Collected data Start Marker
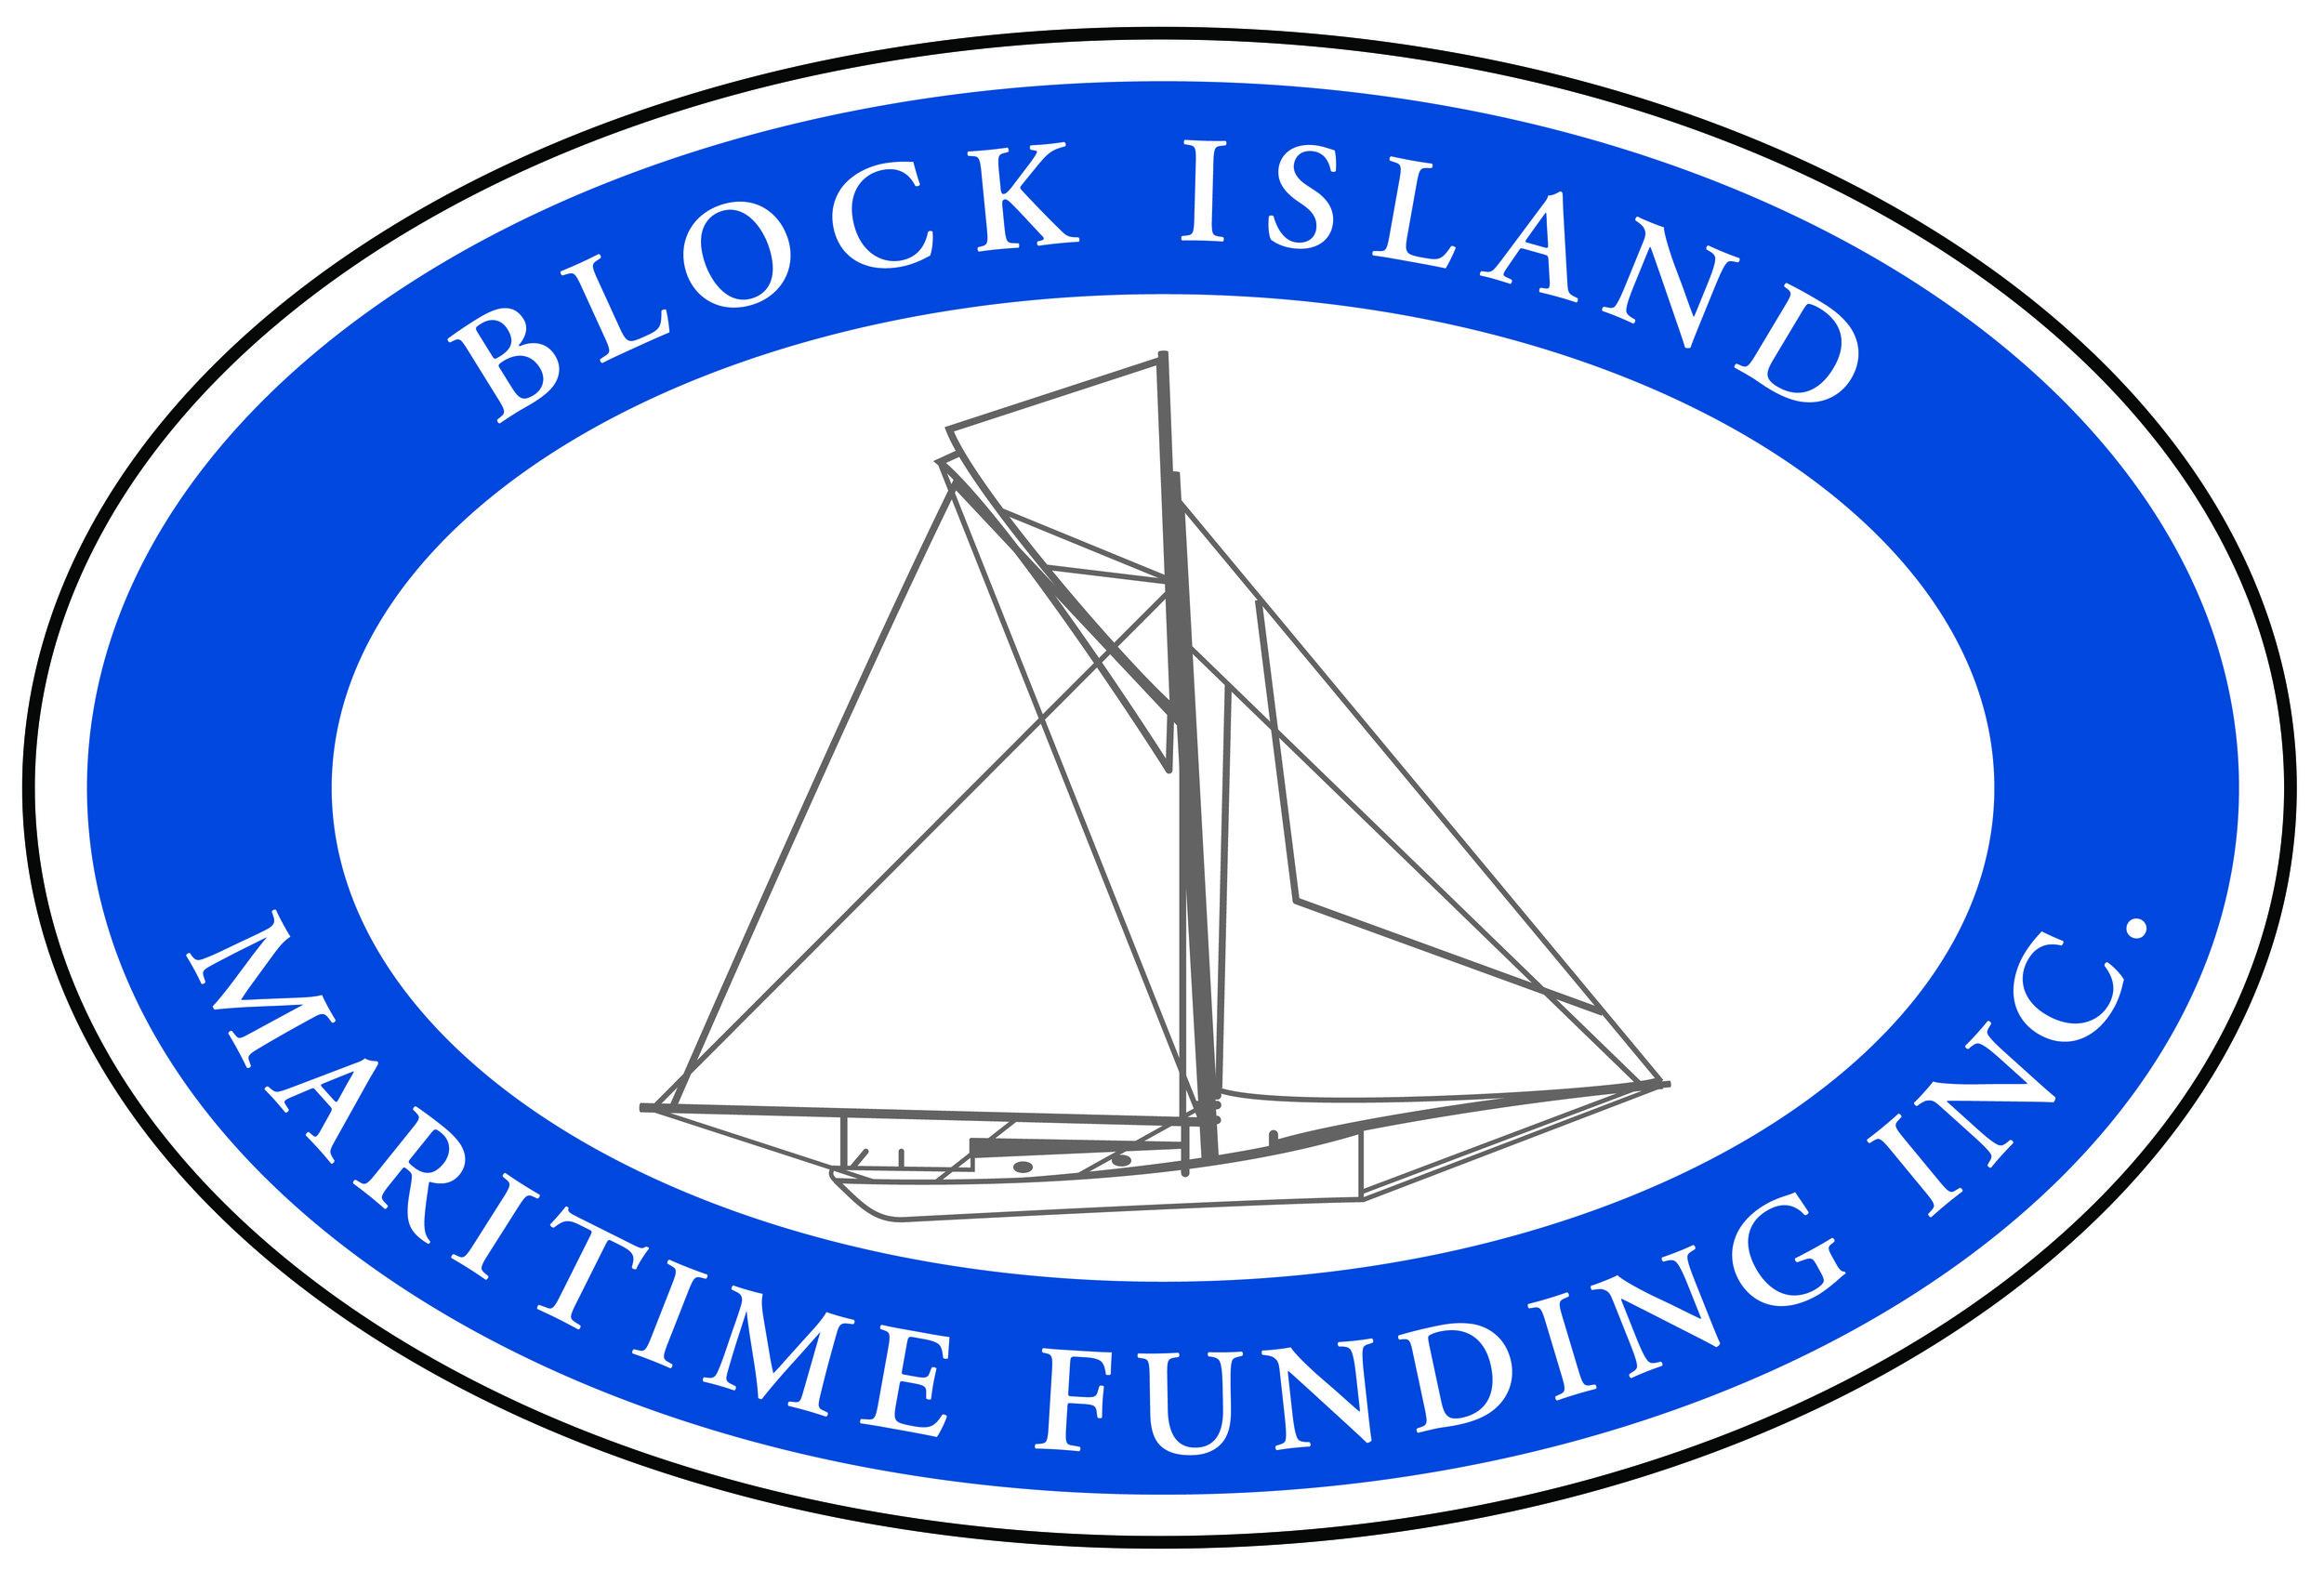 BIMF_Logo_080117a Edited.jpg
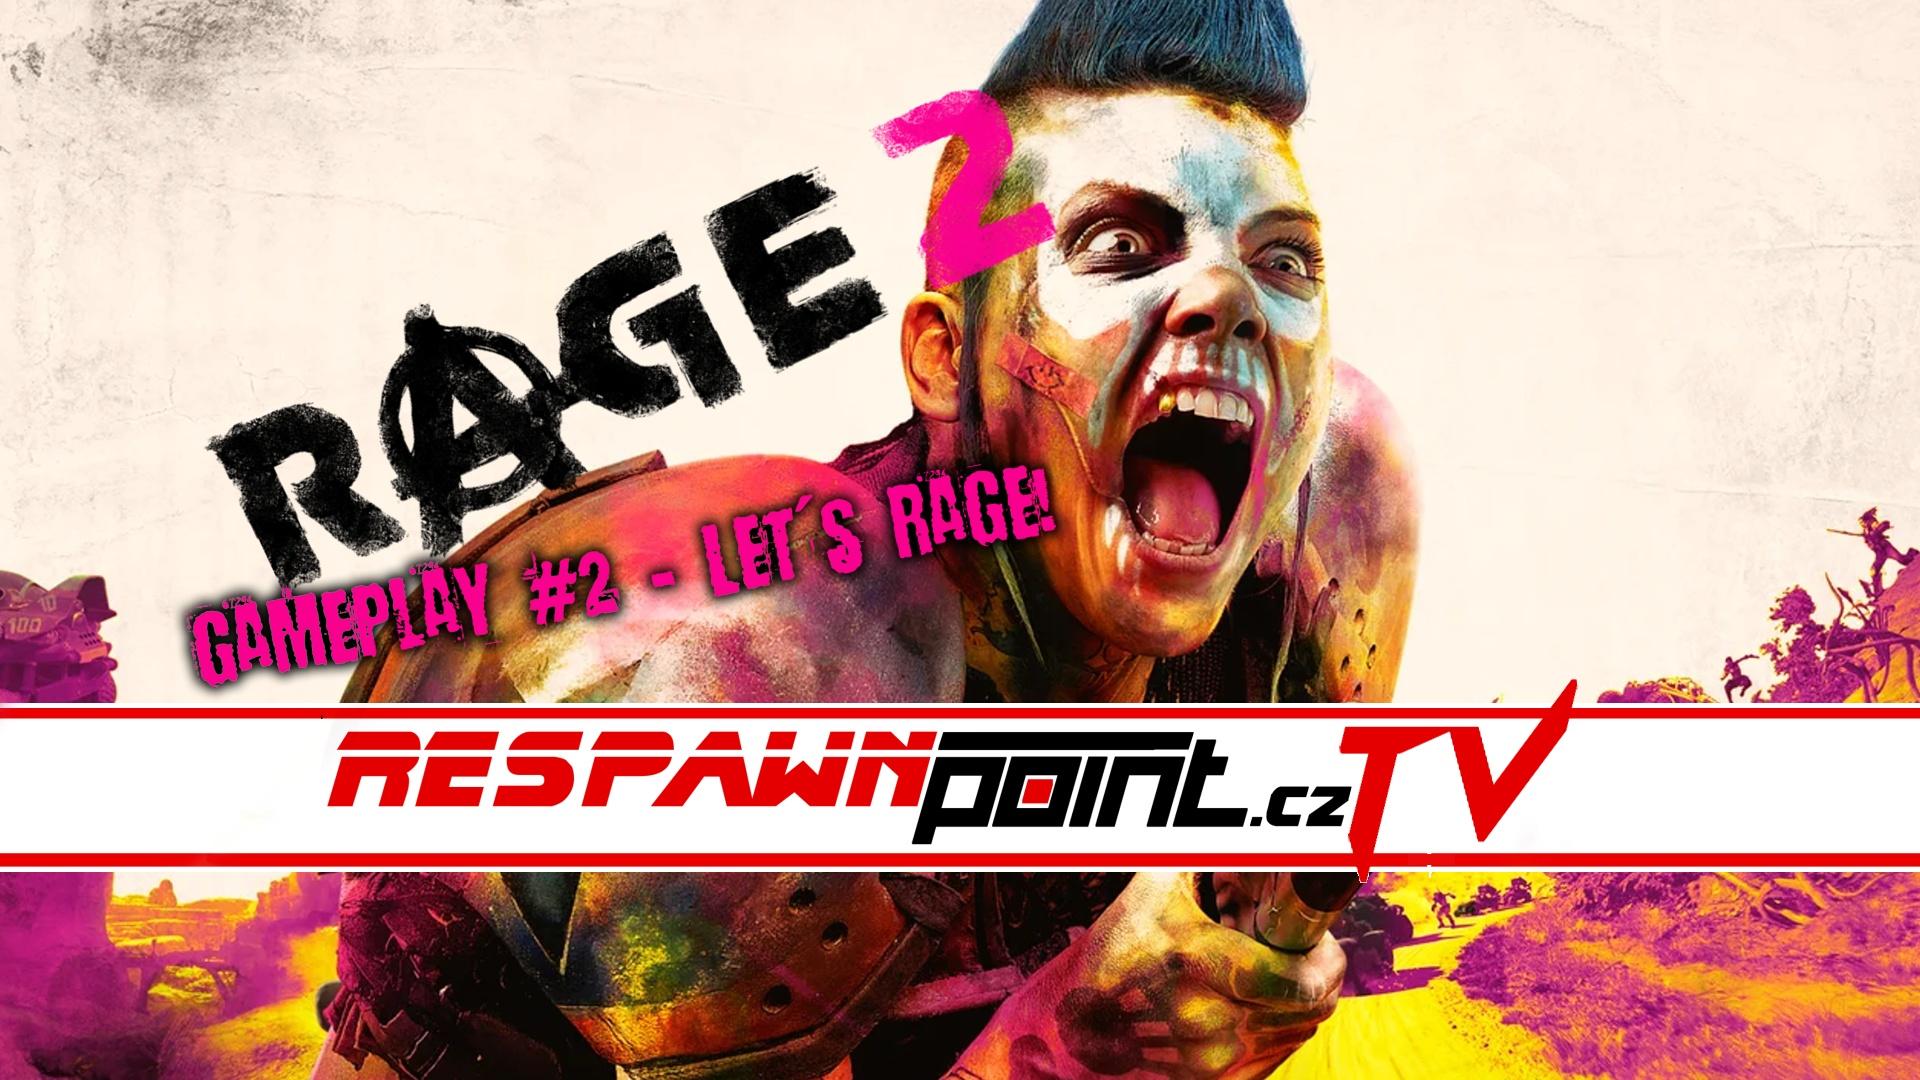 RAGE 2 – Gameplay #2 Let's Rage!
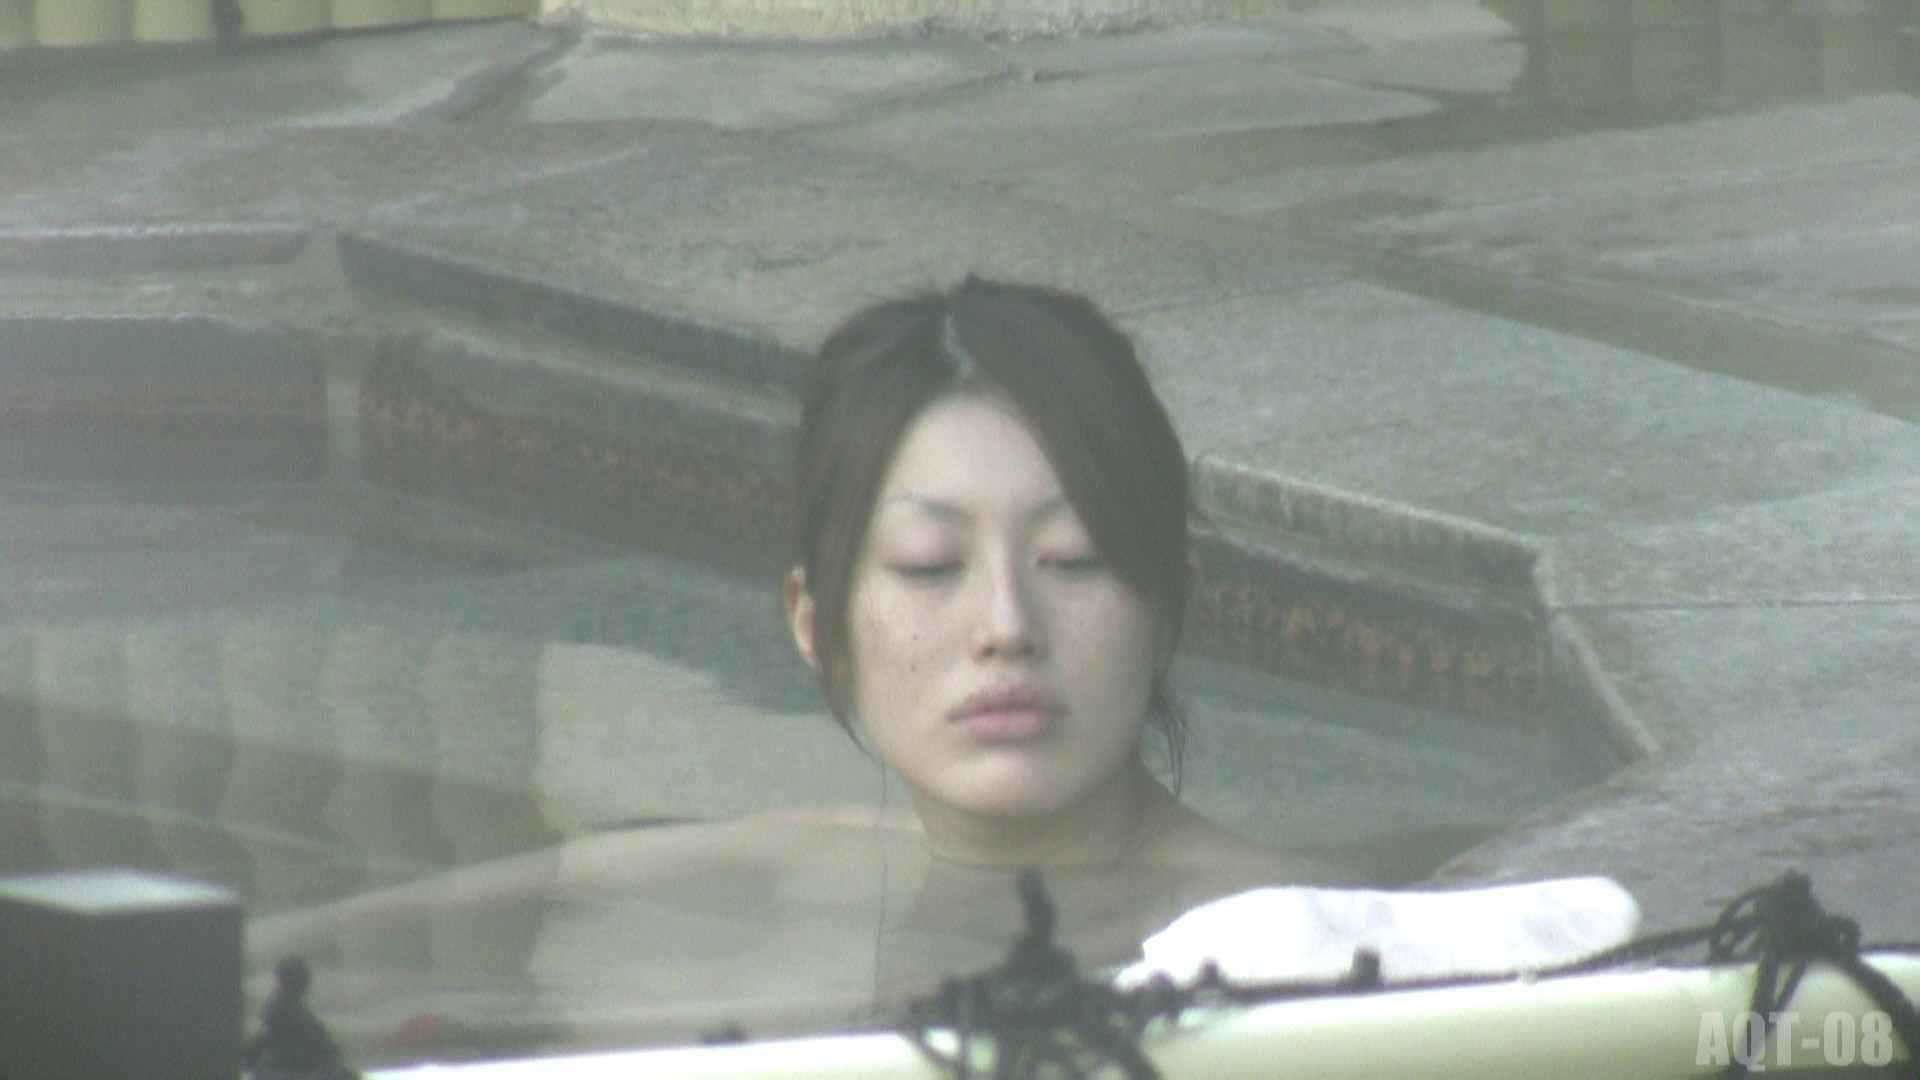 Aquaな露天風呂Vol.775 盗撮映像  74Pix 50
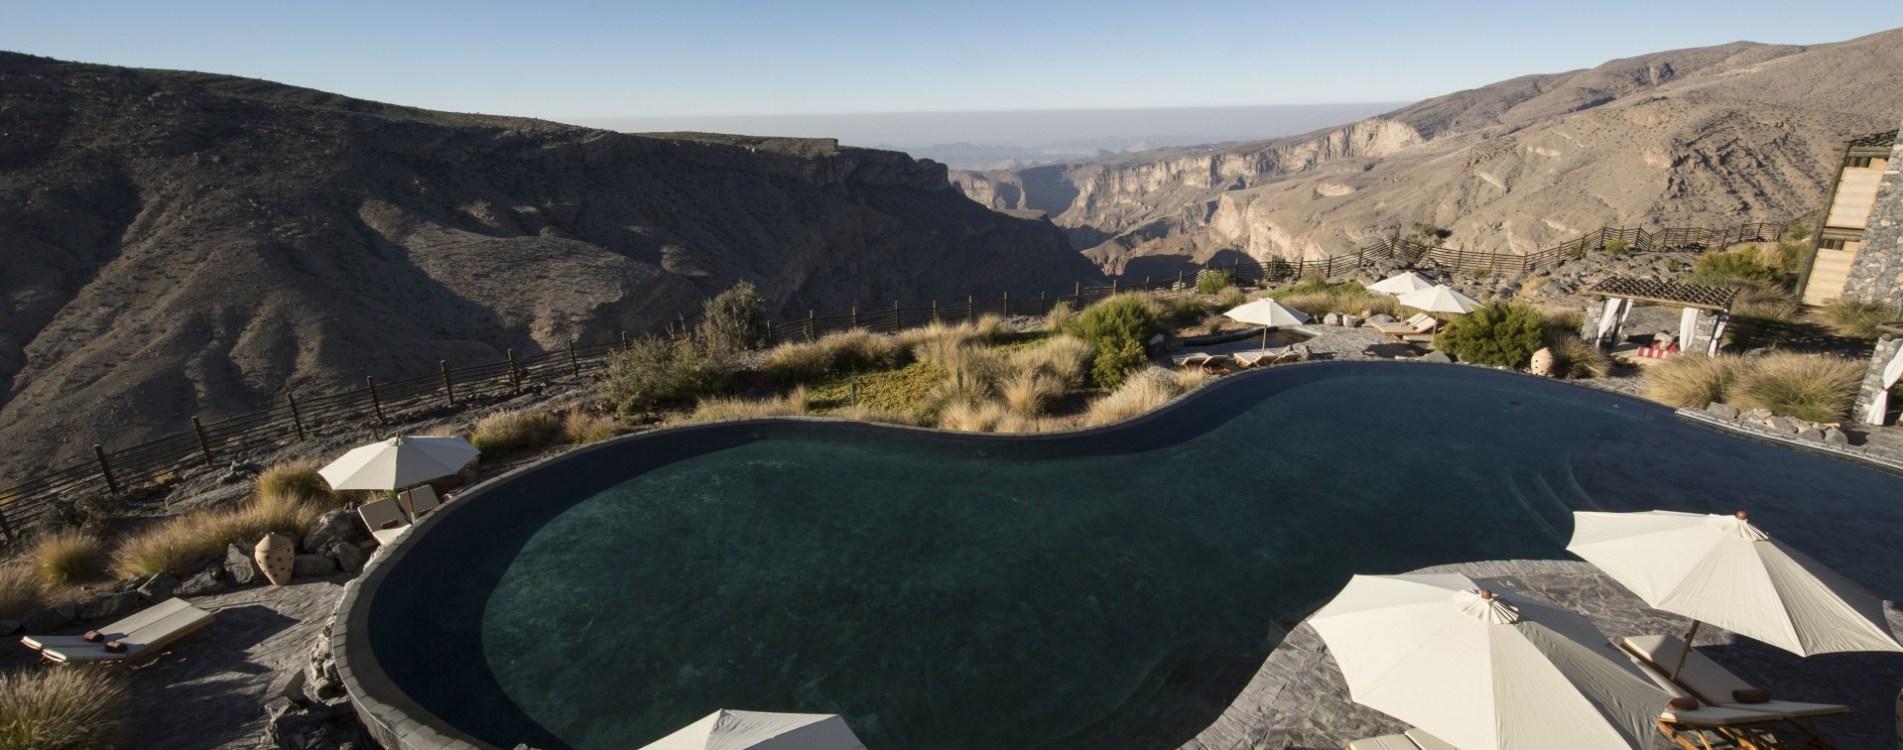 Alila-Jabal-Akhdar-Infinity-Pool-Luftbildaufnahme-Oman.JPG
Collected data End Marker
◆ Prompt:
Your reply should give again exactly the lines from the one with "RAGE 2 – Gameplay #2 Let's Rage!" through the last line of the data, with both ends included and pictures left out.

◆ Task response:
 RAGE 2 – Gameplay #2 Let's Rage!
 Aquaな露天風呂Vol.775 盗撮映像  74Pix 50
 Alila-Jabal-Akhdar-Infinity-Pool-Luftbildaufnahme-Oman.JPG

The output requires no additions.